We believe that this truth will be known, with your assistance, as we begin to make the rounds in the country to collect and document these stories for posterity.

Even where the parent Ministry (transport) directed that that staff who had been unjustly evicted be reinstated to their quarters until their dues were paid in full, KRC was recalcitrant; they ignored such instructions and countered with their own arrangements, which were entirely inconvenient to the interests and welfare of the affected staff. In such instances, KRC advised the aggrieved staff to proceed to their home stations or to source accommodation in the vandalized railway quarters, away from their home stations, where found available. Those who took this option and occupied such vacant wayside quarters were later, treacherously, told to pay rent or face evictions.

In spite of the Railways Union’s clarification to the Transport Ministry on the railway’s housing policy, and the ministerial directive to KRC for reinstatement of the staff back to their houses, the staff affected, who had completed the requisite options forms introduced by KRC to implement this ministerial directive, never received any feedback, leaving the matter to fizzle out with the passage of time.
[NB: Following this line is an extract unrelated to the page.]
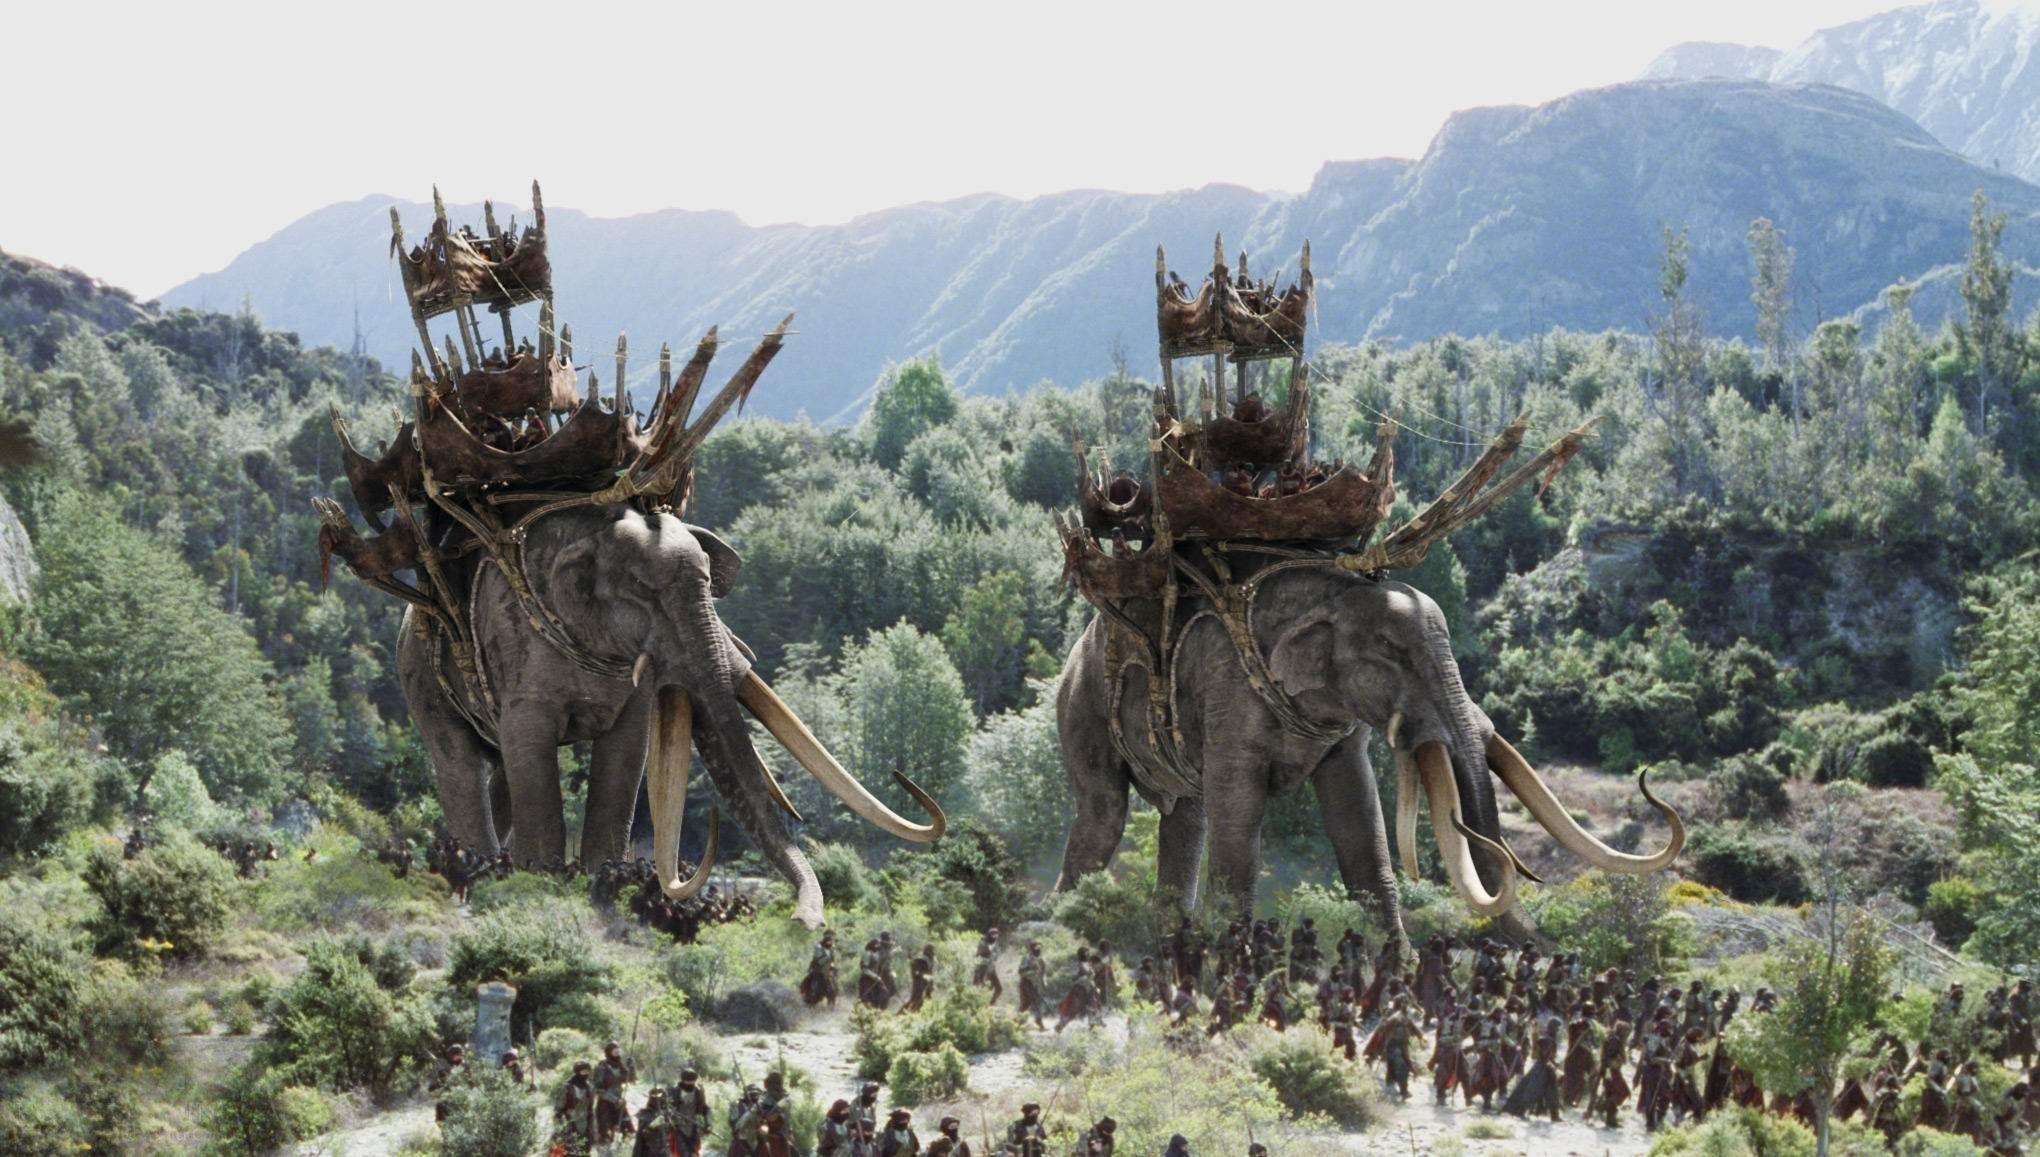 Les oliphants du Seigneur des anneaux - Cultea

Today, a majority of these staff now live in embarrassing destitution, leaving heartbreak, sorrow and desolation, thanks to the travesties of new managers and changed and untested policies imposed on an institution which once ran like clockwork and took very good care of its employees.
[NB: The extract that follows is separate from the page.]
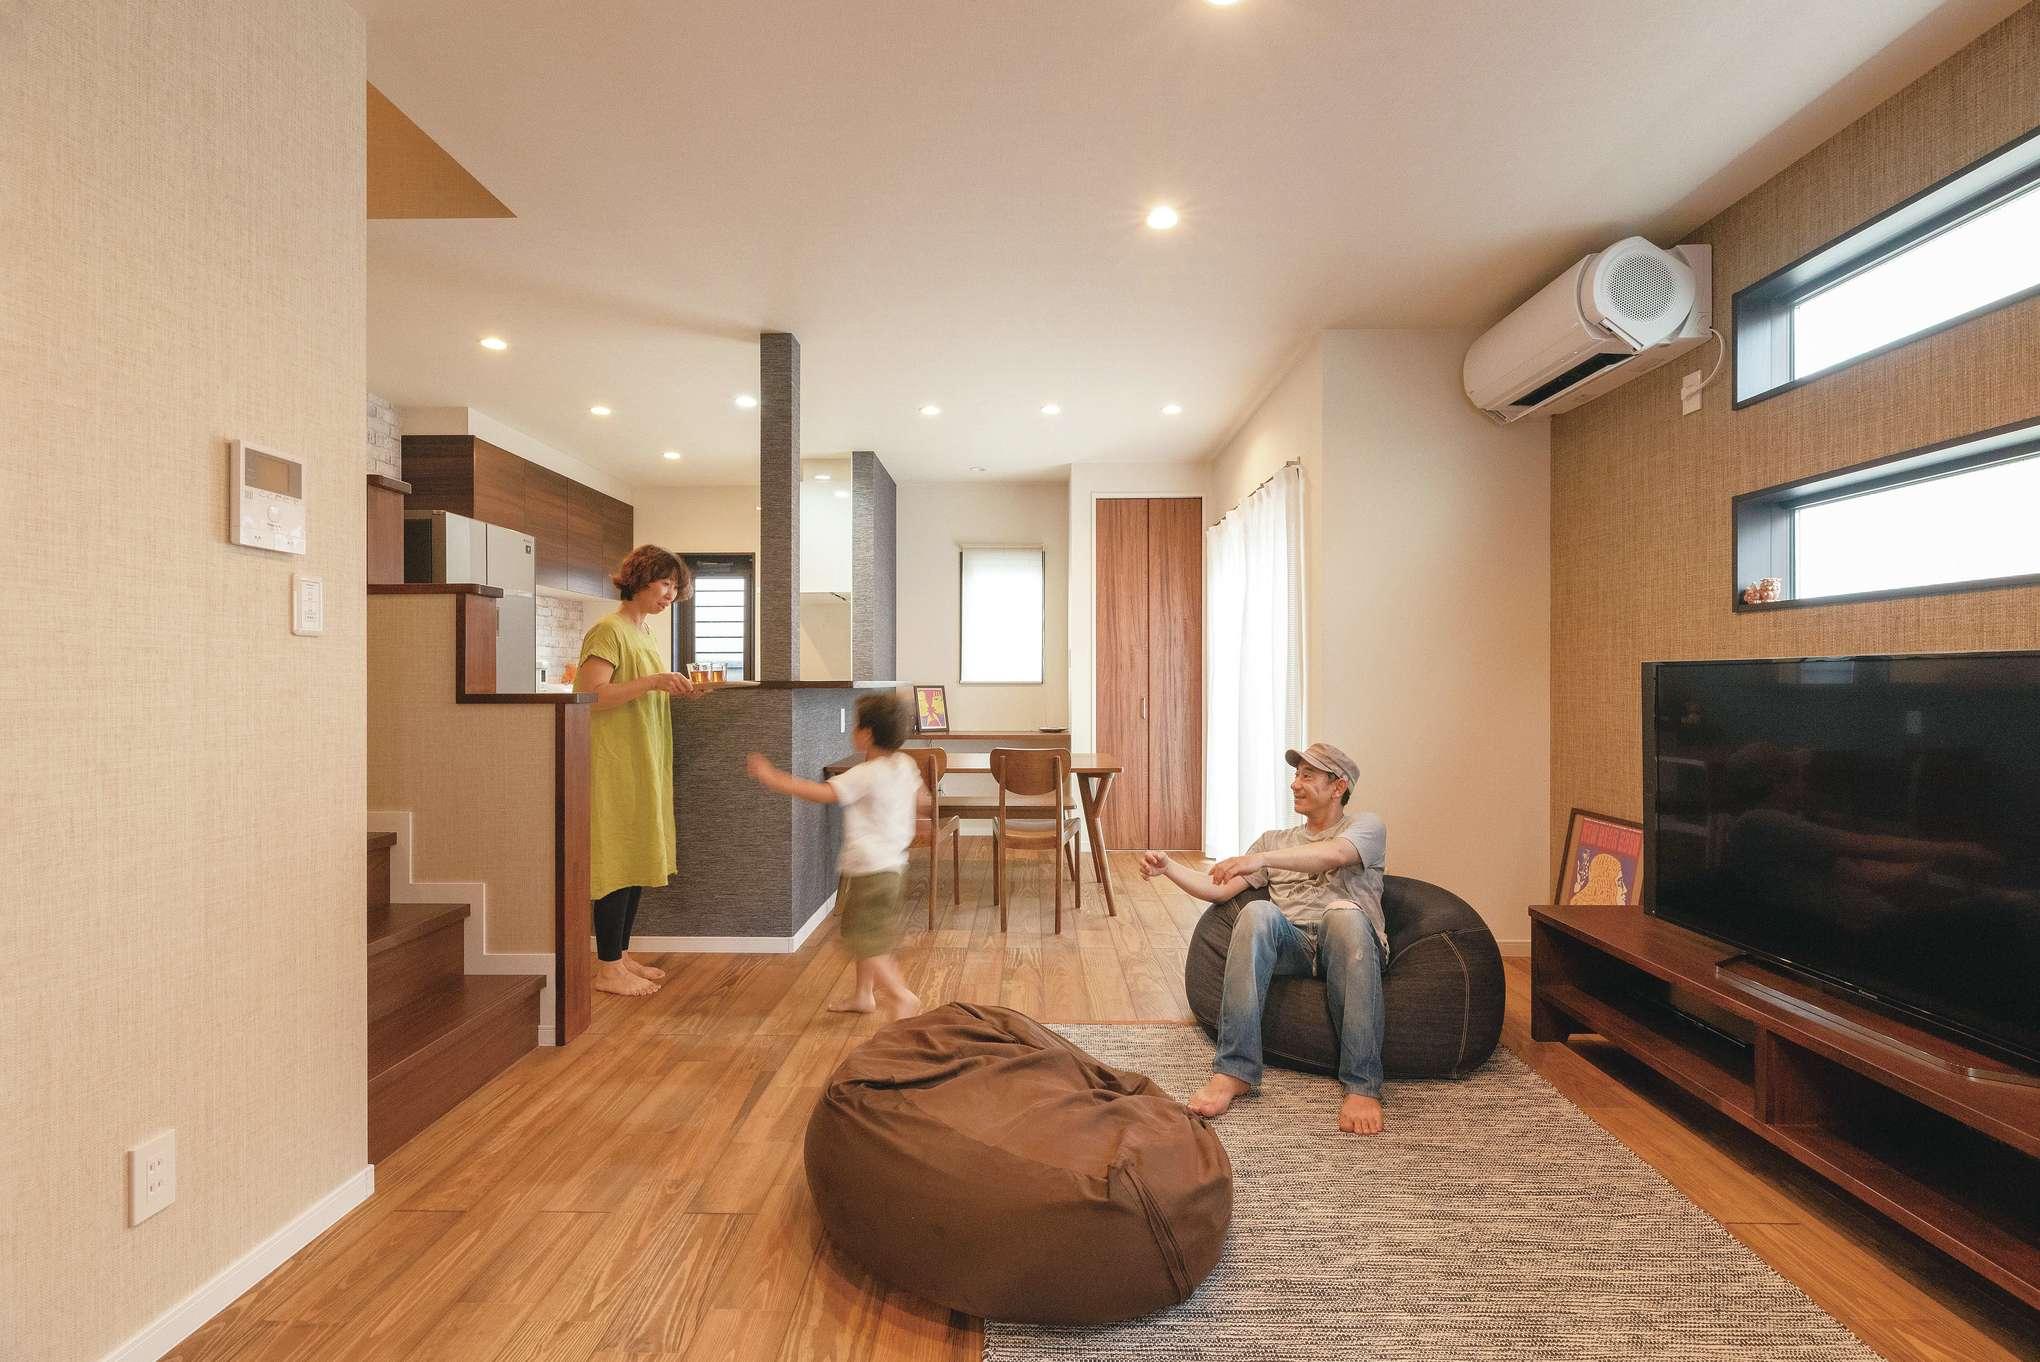 杉の無垢材を使用した床は、肌ざわりが心地よい。I邸を彩る壁紙のほとんどは、奥さまの勤務先が製造販売している紙布。自然素材らしい、やわらかな風合いと独特の質感が、空間をやさしい雰囲気で包んでいる

As such, it may be observed that over the years many KRC employees became victims of an institution run down as a consequence of conflicting interests. Their condition has worsened with every subsequent separation of staff from the institution. It was therefore necessary to document these happenings, so that justice can be served for those whose rights and lives have been turned upside down by the establishment; and to seek restitution for those who have suffered loss and to comfort the bereaved in the cases where spouses surrendered and sought solace across the Rubicon.

Across the country, there are over 9465 retired employees who now depend on the Kenya Railways Staff Retirement Benefits Scheme for their livelihood. They are required to receive monthly pensions until the end of their lives. However, this prospect is now threatened and constrained by political machinations targeting the properties which were set aside by GOK to provide for the pension needs of the retired employees.
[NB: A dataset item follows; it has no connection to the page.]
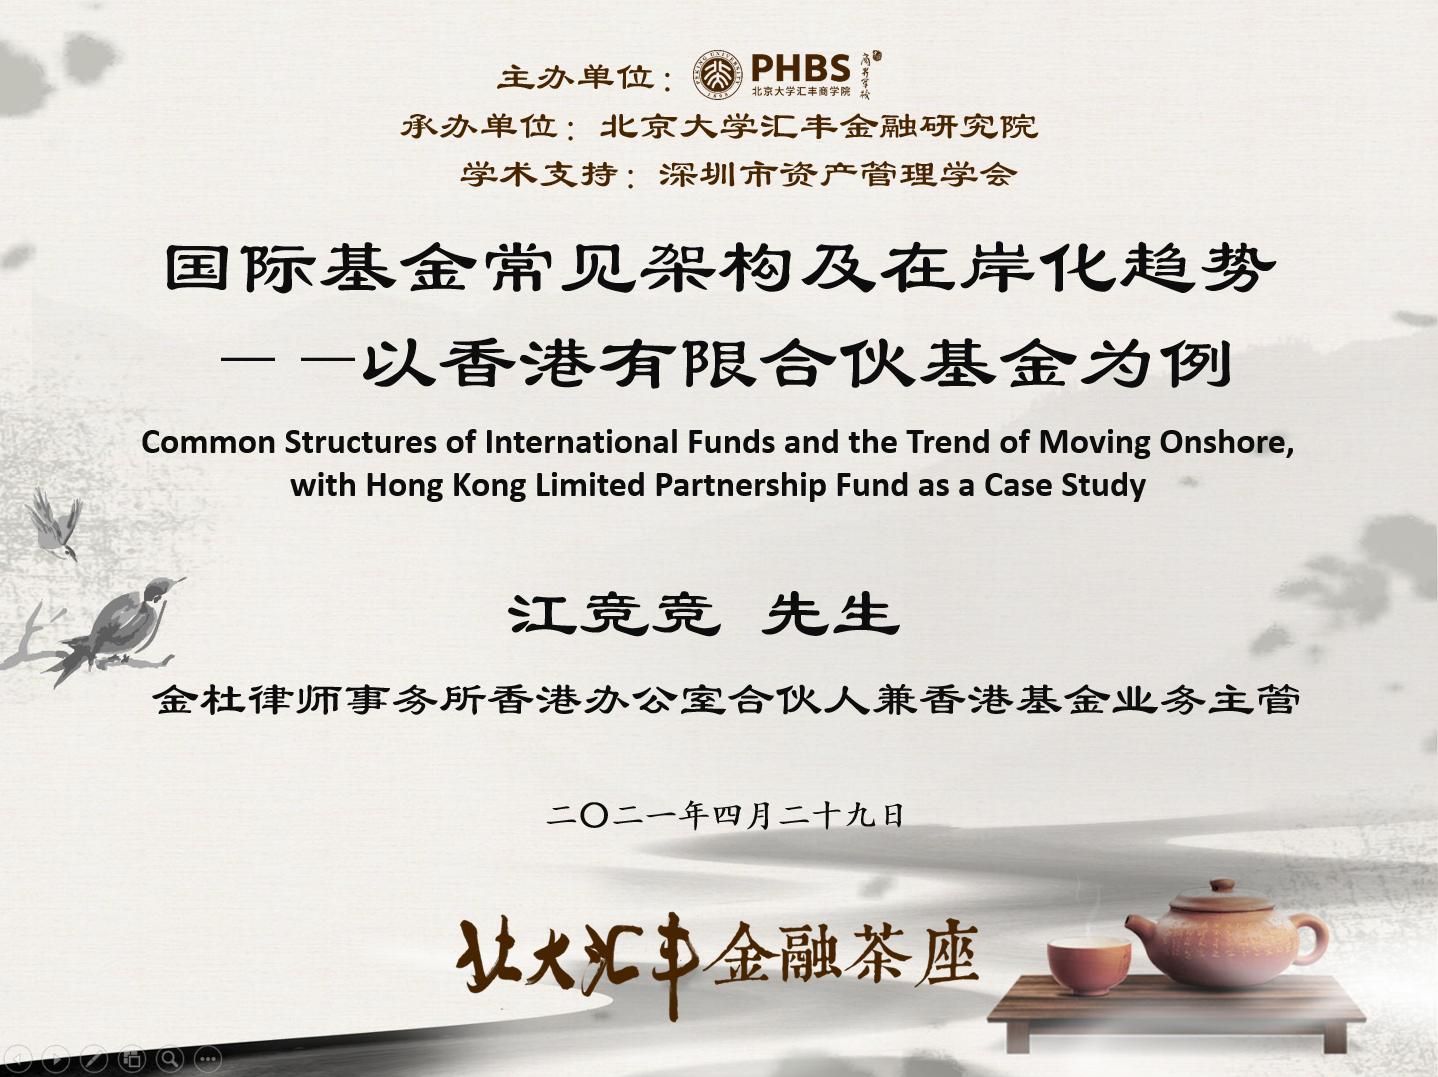 江竞竞:国际基金常见架构及在岸化趋势——以香港有限合伙基金为例

Equally, the non-permanent staff, numbering over 3000, presently are pursuing payment of their retrenchment benefits with the corporation. Staff who stuff who suffered evictions and were residents in the sprawling Makongeni and Muthurwa railway housing estates are keeping their fingers crossed and hoping for redress through the courts.

However, in all these instances procrastination is noted, and whether this is deliberate or otherwise depends on whether those who have been charged with the responsibility to act are enjoying largesse by way of railway land. We have always suspected that to be the case, as the continuing suffering of KRC employees in the midst of all the atrocities committed to them clearly defies logic.

In this respect we would like to request the readers of this article to come on board and assist in achieving the following objectives:

i) Facilitate funding for mobilization of the aggrieved staff, system-wide; to collate and document their grievances and channel them to the right agencies for redress.

ii) To counsel and provide hope to the widows and dependents whose breadwinners have departed prematurely as a consequence of the maltreatment by the railway establishment

iii) To establish a case for compensation and payment of claims owing to the staff who were prematurely retrenched, which have not been fully settled by the employer.